Configuration Check Before Training

Overview

This tool is used to compare the configurations that may affect training precision in the two environments, including:

  • Environment variables
  • Third-party library versions
  • Training hyperparameters
  • Weights
  • Datasets
  • Random operations

Tool Usage Process

  1. Prepare two training servers.

  2. Install msProbe.

  3. Collect data on the two servers.

    You can select the static or dynamic collection mode.

    • Static data collection: Start collection using the CLI. Only environment variables, third-party library versions, and training hyperparameters can be collected.
    • Dynamic data collection: Add an API to the training script to start collection.

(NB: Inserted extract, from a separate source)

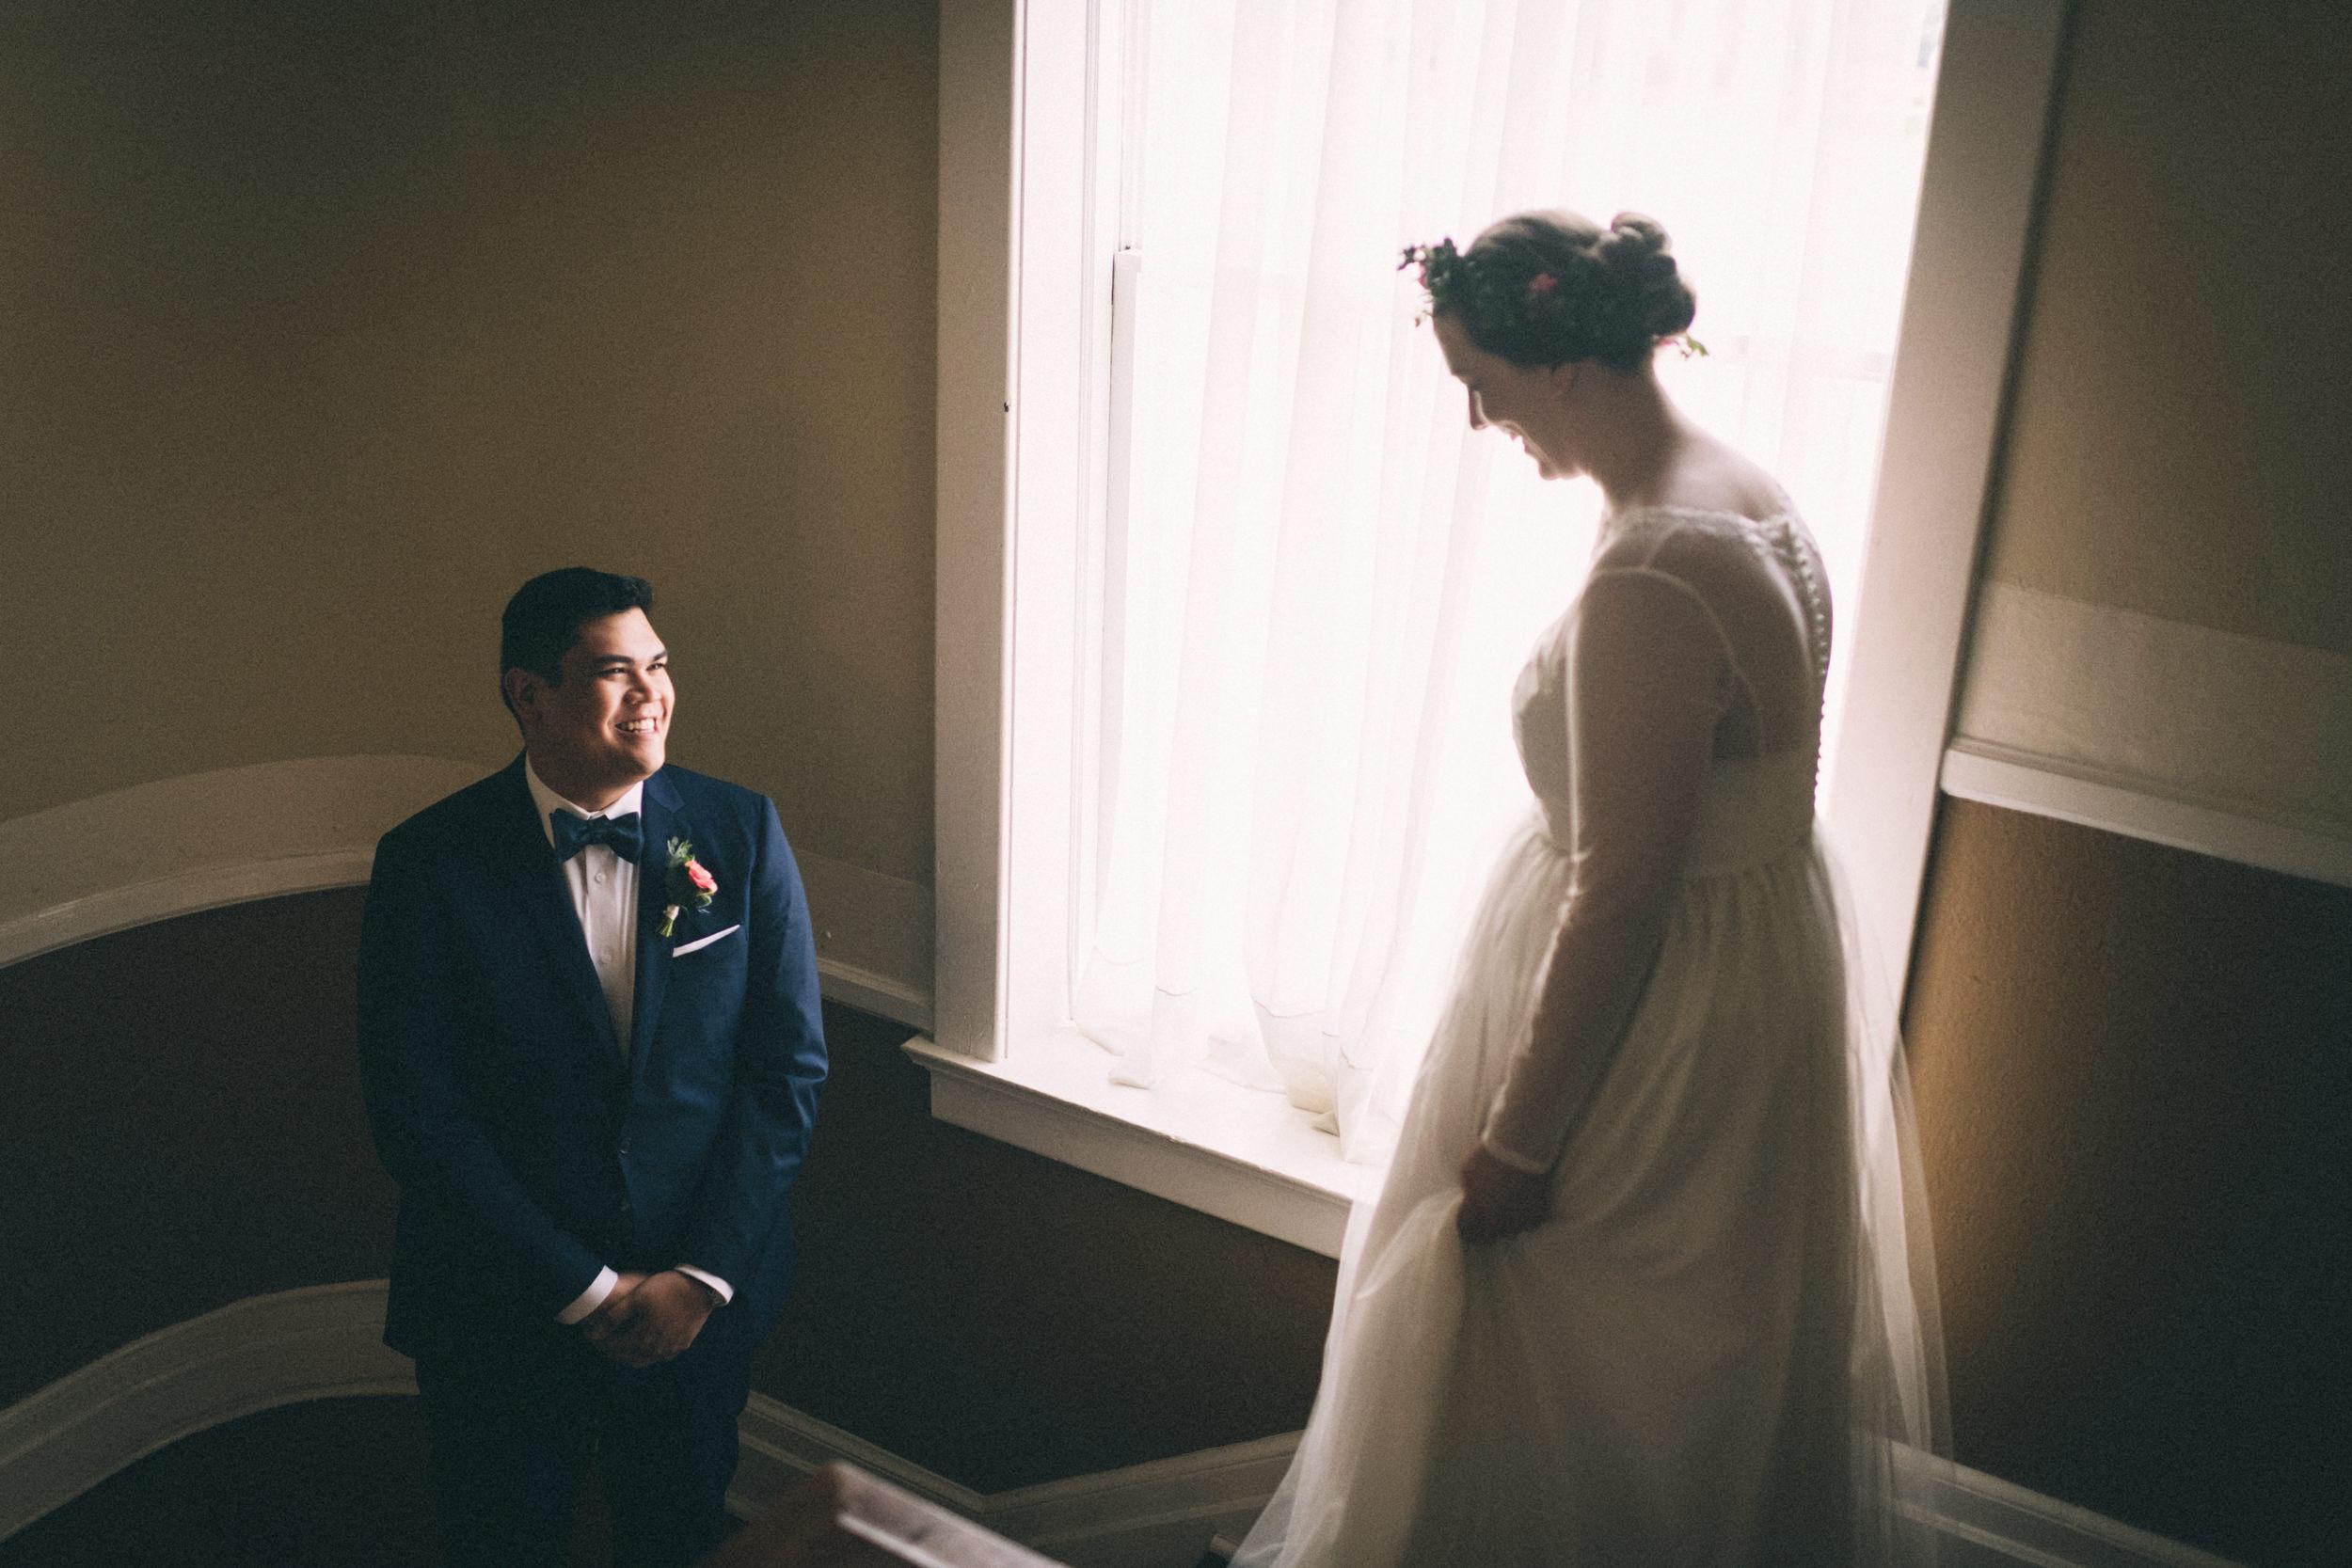 lauren-dean-wedding-grand-lodge-kentucky-sarah-katherine-davis-photography-135edit.jpg

Environment variables, third-party library versions, training hyperparameters, weights, datasets, and random operations can be collected.
  4. Compare data.

  5. Analyze the result.

    Check whether attributes in the comparison result pass the check based on the [Result File Description](#Result File Description).

Preparations

Environment Setup

Install msProbe by referring to msProbe Installation Guide.

Constraints

The PyTorch and MindSpore frameworks are supported.

Data Collection

Static Data Collection

Description

Use the CLI to collect data. Only environment variables, third-party library versions, and training hyperparameters can be collected.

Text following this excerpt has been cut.